I receive CPP and will start OAS next year.

There seems to be subjective information on the .gov website. I have searched on the internet for lawyers with experience in emigration but came up with nothing.


----------



## Eclectic12 (Oct 20, 2010)

Are you cutting residential ties to Canada to no longer a Canadian tax resident?

If so, there is the departure tax where certain property including stocks held in a non-registered account are deemed to be sold, triggering capital gains taxes. There is an option to defer these taxes until selling but there is a threshold that requires leaving adequate security.
https://www.canada.ca/en/revenue-ag...a-non-residents/leaving-canada-emigrants.html


If not, you'll have to file a Canadian tax return.


Cheers


----------



## AltaRed (Jun 8, 2009)

It may even be more complicated than that. Tax treaties usually have tie-breaking rules, so even if the OP wanted to continue to file Canadian tax returns each year as a tax resident of Canada, the host country may have different ideas on how the OP should be taxed. The question really comes to where does the OP have the most ties.

Also not sure about the references to emigration. The OP is not emigrating if the OP intends to return. At most, the OP is looking for the appropriate Visa to live in the desired host country for X years.

Am also confused as to the reference to the .gov website. AFAIK, all Canadian government websites end in .ca


----------



## ian (Jun 18, 2016)

We were told by our tax accountant that it can be ‘tricky’ even though our plans included disposing of real estate. We were looking to travel for a few years and dodge the tax on two years of high income in post retirement. 

Even when you do follow the ambiguous rules you will be subject to a potential no fun CRA audit and deep dive. Bottom line, we were advised, would mean cutting all financial ties, medical coverage, etc. Our situation may have been different from yours however that is the advice we received.

We decided to pay the freight. Canada has been good to us and we feel that on balance we get value for our tax paid


----------



## Longtimeago (Aug 8, 2018)

This is a topic with which I have personal experience as well as having known many people who have also done so.

The first question you have to have an answer for is whether you CAN legally move to a country in Europe for a period of years or not. Until you answer that question, there is little point in anyone offering any advice on anything else.

Beyond that, two basic questions are what country or countries are you interested in moving to. Answers on various aspects of such a move will vary by country.

Second, do you or your wife have any Dual Citizenship that you expect to get you legal residency in your chosen country? So do you or do you only have Canadian citizenship and just have this idea of moving to Portugal, or France or wherever for a few years?

Side note to AltaRed. The Immigration rules apply to any period of time beyond what a Tourist Visa allows you. I know of no country that offers 'Temporary Visas' of multiple years duration. If you want to stay long term, you 'immigrate', end of story. I also know of no countries in Europe where you can LEGALLY use back to back tourist visas to stay longer. The Schengen member countries of Europe for example do offer multiple entry visas that can be valid for 1, 3, or 5 years but they are multiple ENTRY visas only and you still have to comply with the 90 days in any 180 calendar day period rule. The 5 year visa just means you don't have to apply for a new visa each time you enter.
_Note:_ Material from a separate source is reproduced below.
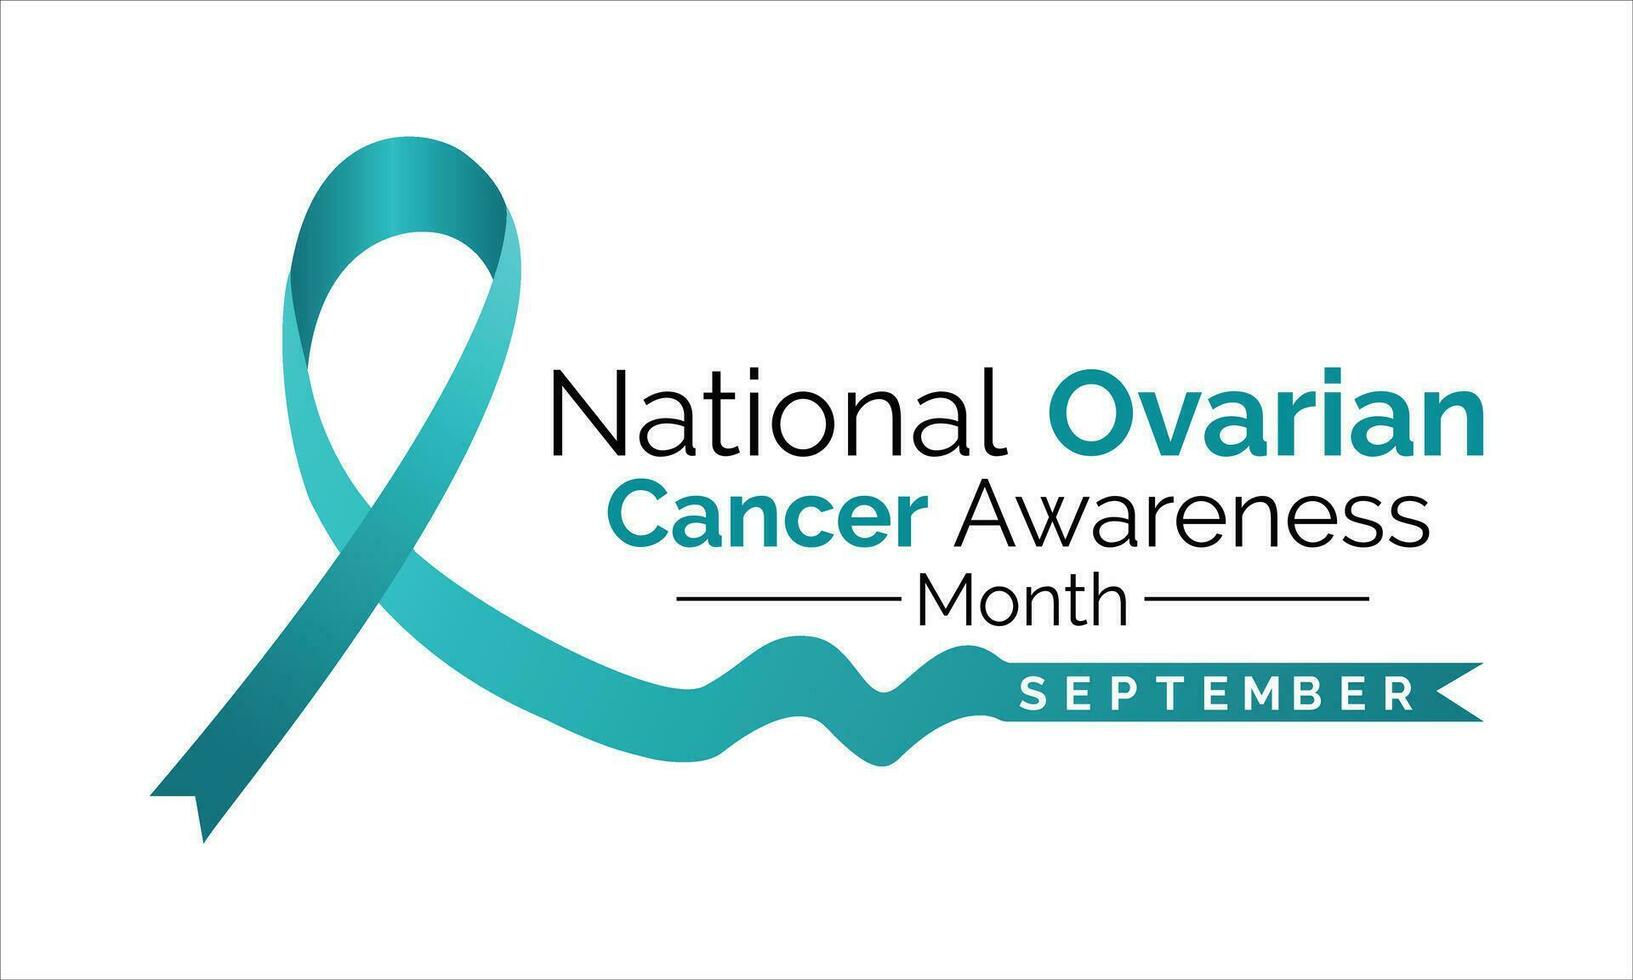 Eierstock Krebs Bewusstsein Monat ist beobachtete jeder Jahr im September. Banner Design Vorlage Vektor Weiß Hintergrund.

So the typical Canadian with no Dual Citizenship who wants to spend continuous years in Europe, can in fact only stay 90 days in every six months unless they immigrate to a specific country and that sure as heck ain't easy unless you have lots of money believe me. For example the Spanish Golden Visa is a well known way of doing this and all you have to do is invest 500,000 Euros to get the visa. But even doing that only gets you the right to live in Spain, you are still subject to the 90 in 180 rule if you want to spend time in any of the other Schengen countries. Portugal has basically the same type of visa available as well.


----------



## Longtimeago (Aug 8, 2018)

Ian, it took me 3 years to become 'non-resident for tax purposes'. I had to cut all ties including bank accounts, property, driver's license, etc. Part of why it took so long was that I also avoided paying the 'departure tax' that Eclectic12 refers to. I did that by not declaring I was 'departing'. Once out of the country I then started transferring all funds out of the country LEGALLY until there was nothing left in Canada to tax. There's no law that says you can't take your money out of Canada to fund your ongoing 'vacation' of multiple years duration. LOL


----------



## diharv (Apr 19, 2011)

May be better and easier in the long run to keep a base in Canada and come and go as you please, max three months in any one country. That's what we were thinking of doing in the future.


----------



## ian (Jun 18, 2016)

We both have patriality status in the UK which allows us to stay as long as we want, work, etc..even go on the dole or the NHS. I believe the only thing that we cannot do after stepping of the plane is vote. Our son also has it. He got off the plane and within a day had a job lined up and a National insurance number sorted. No tax issues though! But their tax regime is not an improvement on ours.

But the above advice is correct. You cannot simply leave for several years. Our accountant went through the many ways that we would have to ‘disconnect’ from Canada, including those that LTA mentioned. We were not prepared to go that far. And even then we would be subject to audit if we subsequently returned to Canada. Which we planned on doing. CRA are no dummies, they can add one plus one and get two.


----------



## james4beach (Nov 15, 2012)

I spent 5 years in the US, and even in that situation it would have been difficult to fully cut Canadian ties and become a non resident for tax purposes. I ended up keeping Canadian tax resident status as I judged it to be the easier option, considering that I eventually wanted to return to Canada. That's despite the potential tax savings of only paying taxes to the US. Taxes aren't everything.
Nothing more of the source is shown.